### TASK GOAL
Below are some records. Write out exactly their lines from the one with "Képek - Corn dog tészta alap Dia-Wellness" through the one with "Primera Technology CD", and leave the pictures behind.

### DATA FOR REVIEW
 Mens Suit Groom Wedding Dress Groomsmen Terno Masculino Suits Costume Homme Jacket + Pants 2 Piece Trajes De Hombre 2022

==

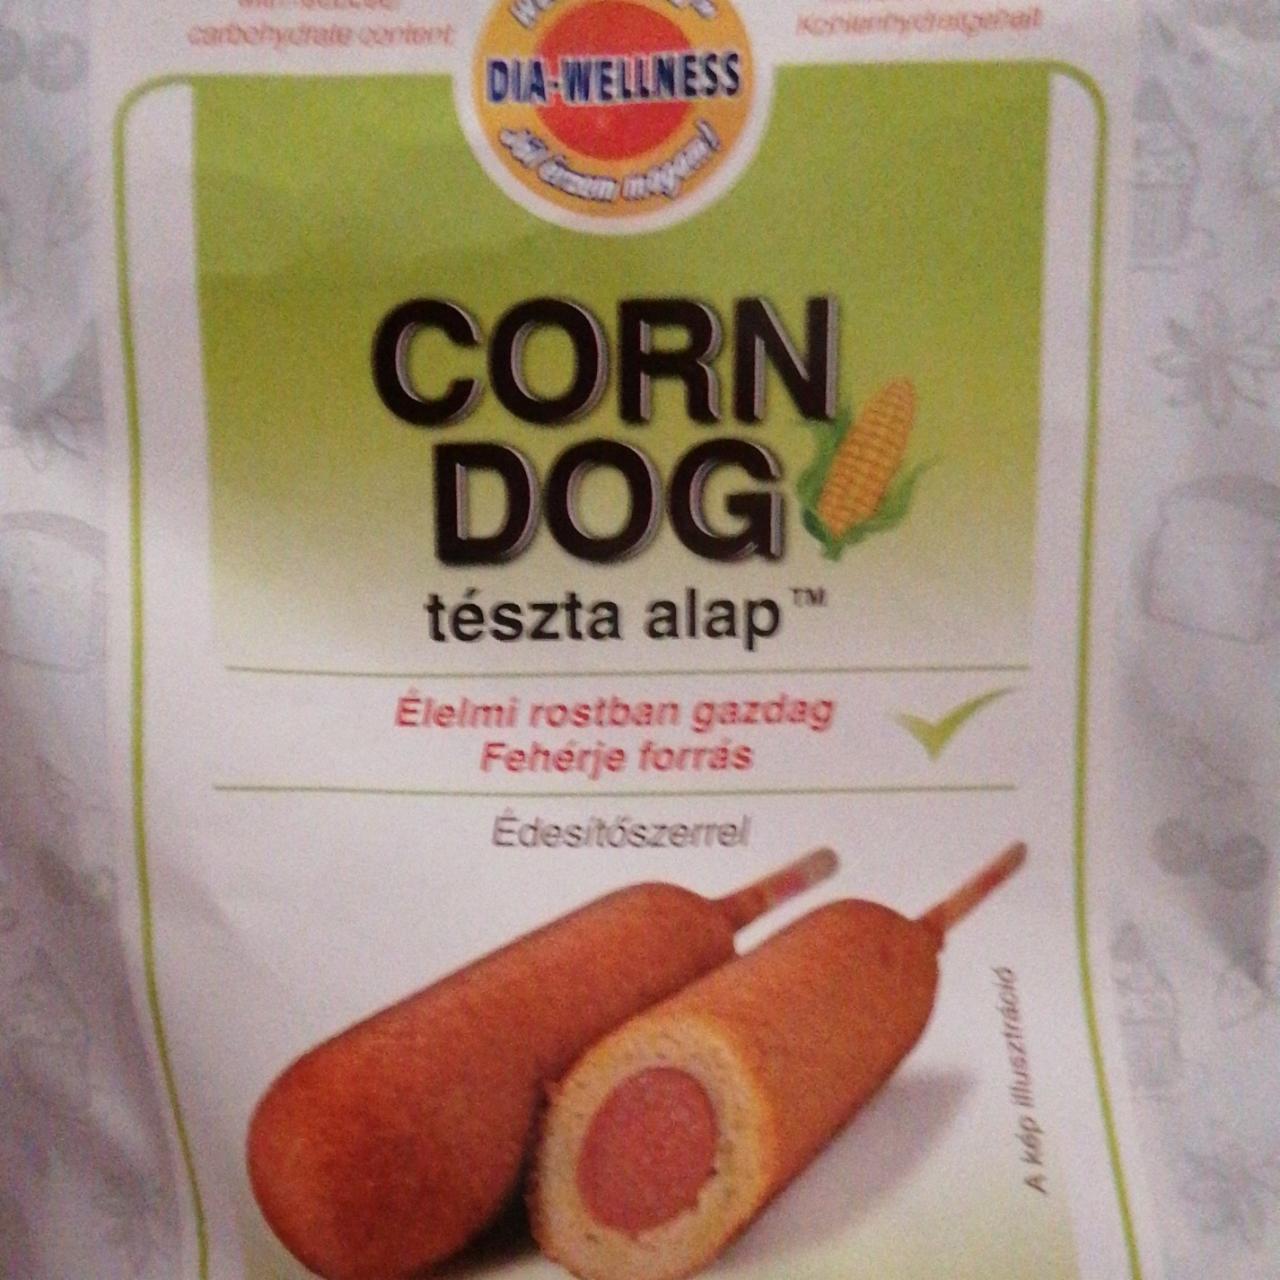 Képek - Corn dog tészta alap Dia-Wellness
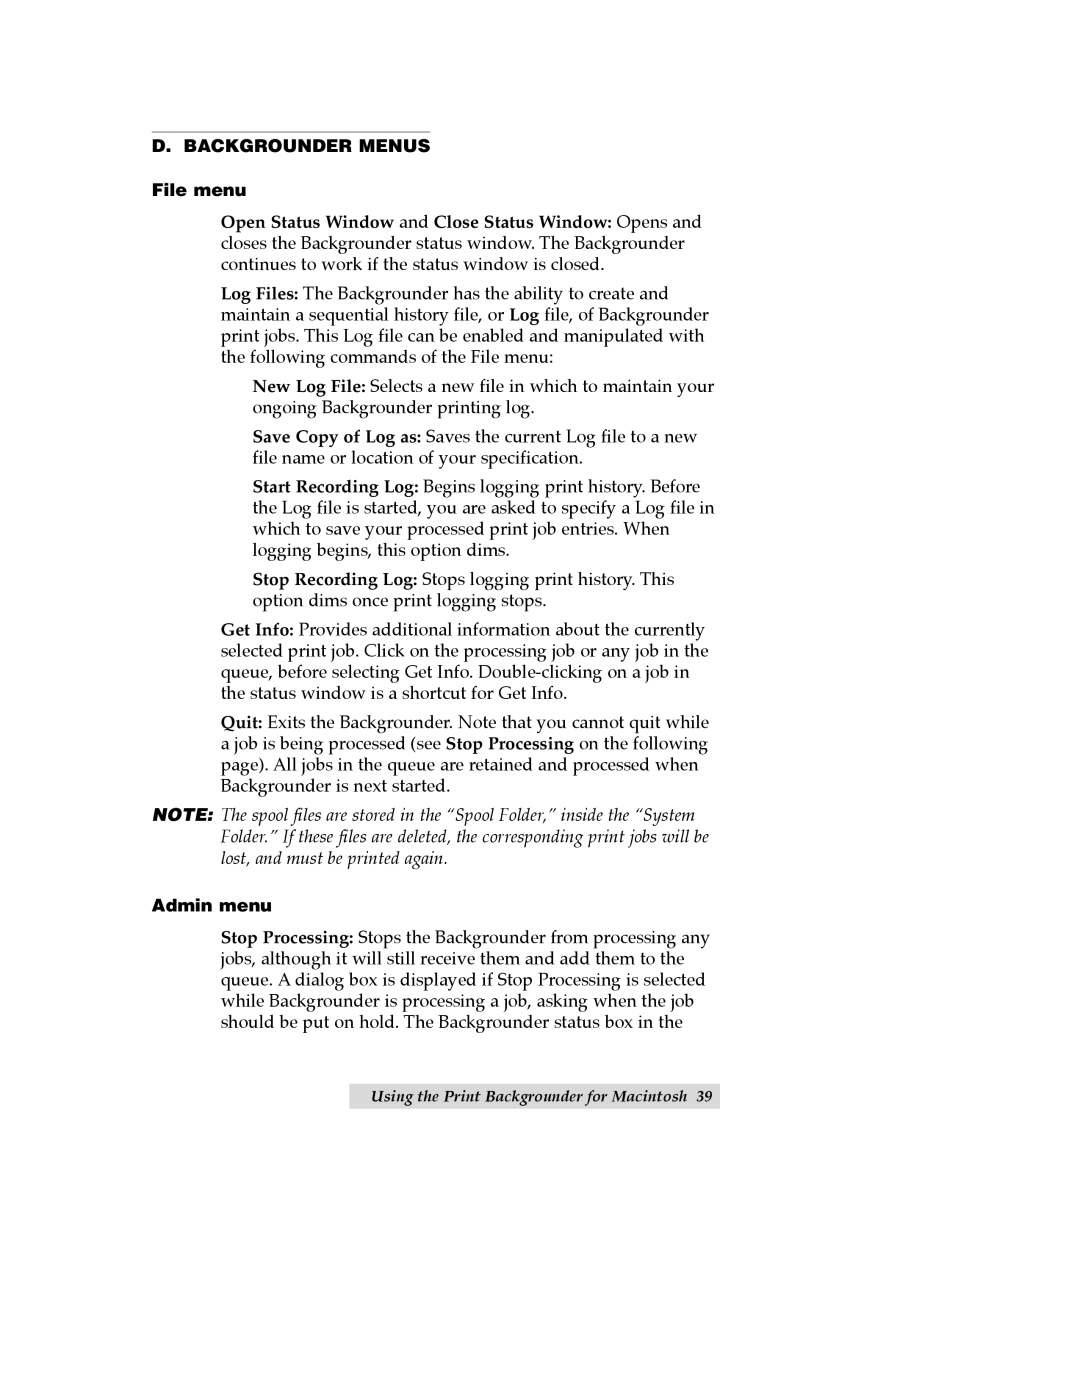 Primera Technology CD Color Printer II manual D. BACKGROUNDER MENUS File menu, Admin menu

### EXERCISE RESPONSE
 Képek - Corn dog tészta alap Dia-Wellness
 Primera Technology CD Color Printer II manual D. BACKGROUNDER MENUS File menu, Admin menu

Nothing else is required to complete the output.